The Defiant Ones: Some Bars Remain Open During the Coronavirus “Shutdown”
So who’s open? My friend sent me that message on Monday night. He wanted to know where he could go get a drink in the Philadelphia area. I told him that all bars in the suburbs had closed (other than for takeout business) under order of the government on Sunday and that Philly bars had all been told to shut down on Monday by 5 p.m. In fact, some bars had already closed voluntarily at the end of last week and over the weekend.
But my friend wasn’t buying it. He pushed me for answers. He piqued my curiosity.
So I reached out to a few other friends and acquaintances, as well as a couple of ne’er-do-wells and barflies. As a guy who sometimes writes about the underbelly of Philadelphia, I have more than a few numbers stored in my phone. It didn’t take long for me to get a lead.

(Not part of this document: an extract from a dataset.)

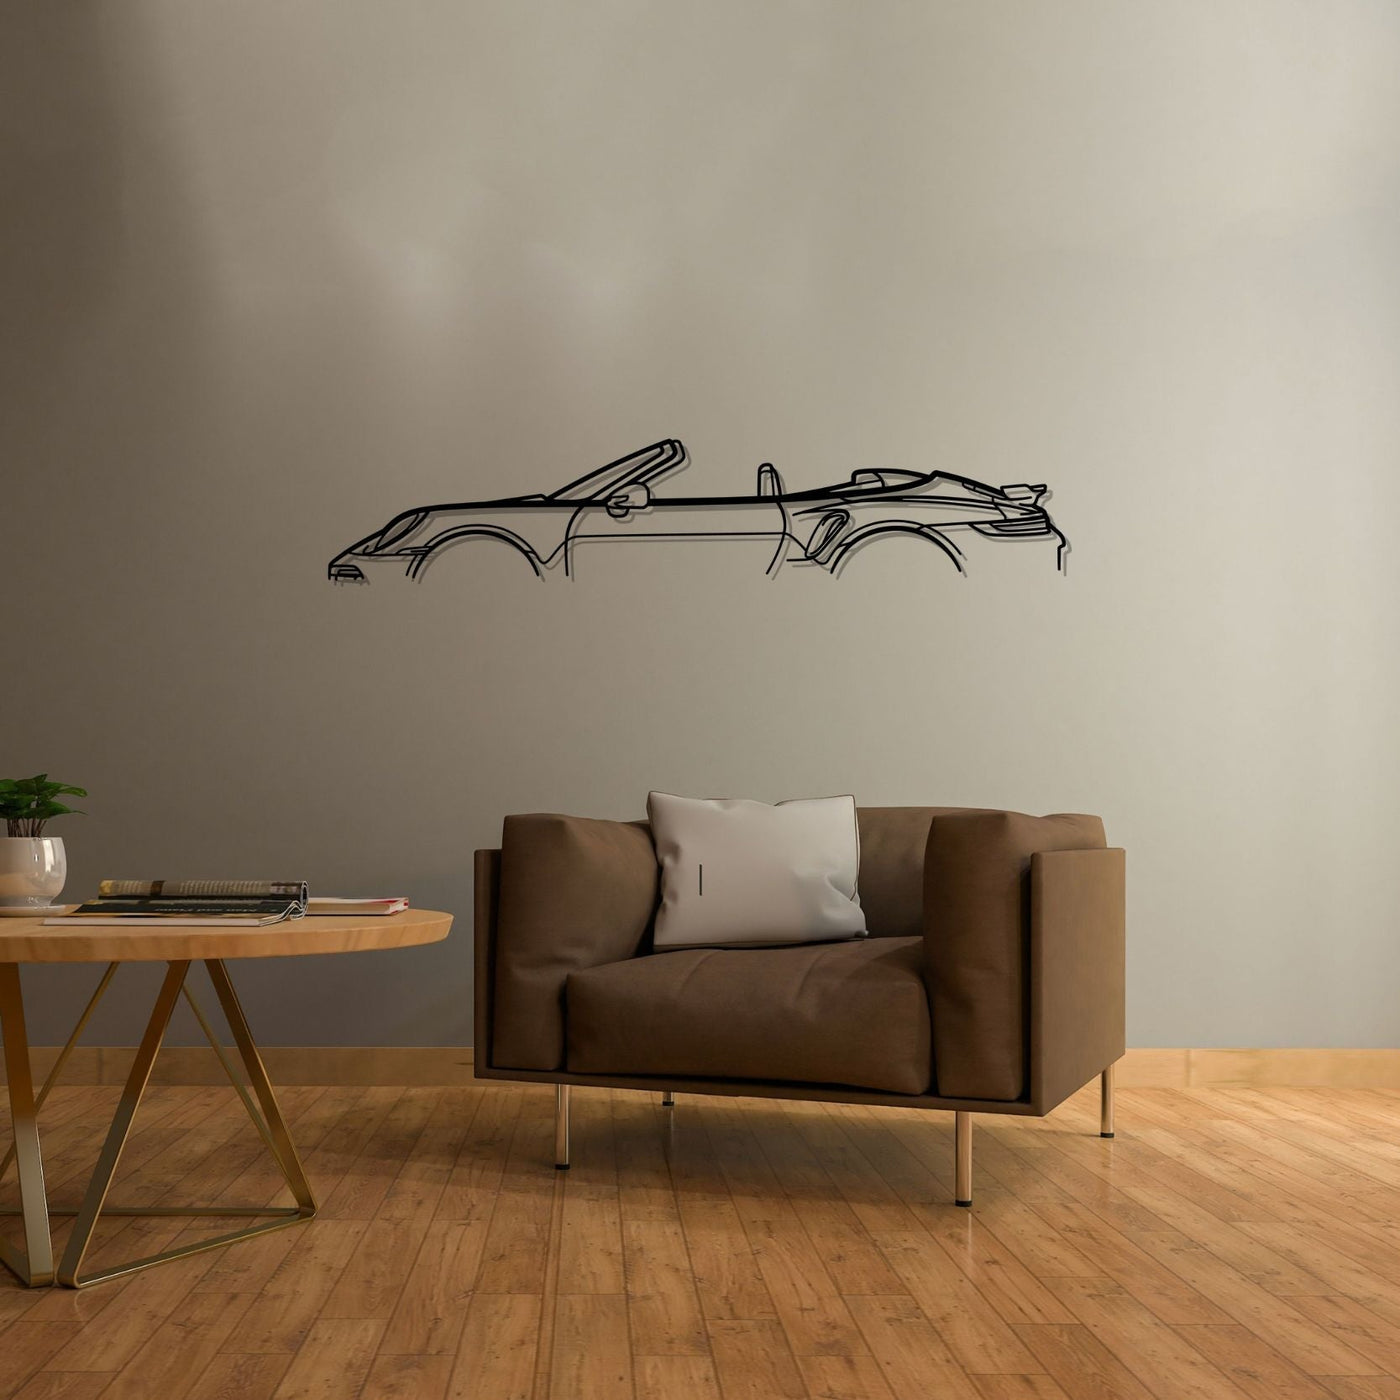 911 Turbo Cabrio model 992 Classic Silhouette Metal Wall Art

Alas, that suggestion was a bust. I considered calling it a night. It was cold. And I had already made my way out to that first bar. This thing had coronavirus wild goose chase written all over it.
But then a message came in, directing me to a bar not very far away. And I figured, Eh, what the hell.
I pressed on to the second bar and was annoyed to find no immediate signs of life. No glowing neon signs advertising an open oasis of cold, wet beer in this dry, dry land. But then I looked a little closer and saw some light shining forth from within.
Maybe they’re just in there cleaning up, I thought.
I reached for the door, dutifully grasping the handle with the sleeve of my sweatshirt. I pulled. And guess what? It opened.
As I walked up to the bar, I asked the bartender, “So, uh, what time are you guys closing tonight?”
He shrugged his shoulders.
“‘Til it’s closing time, I guess,” he told me. “We’re open. Everybody else can close, but we’re open. That much I know.”
Someone mentioned that the bar owner had said earlier in the day that he’d be keeping the bar open until they put “chains on the gates.”
There were maybe a dozen people in the bar. Some were quite drunk. One patron falling into that category insisted on calling me “Pedro” over and over again. I’m not really sure what that was all about.
I asked the bartender about the decision to stay open — I agreed not to name the bar — given the alarm over the coronavirus and the government’s pretty clear instructions.
“That’s why we’re using plastic beer glasses,” he told me, explaining that the cups won’t be reused. “For hygiene.”
I called his attention to the obvious glass-glass sitting on the bar next to the plastic beer cup.
“Well, we don’t have plastic rocks glasses,” he replied.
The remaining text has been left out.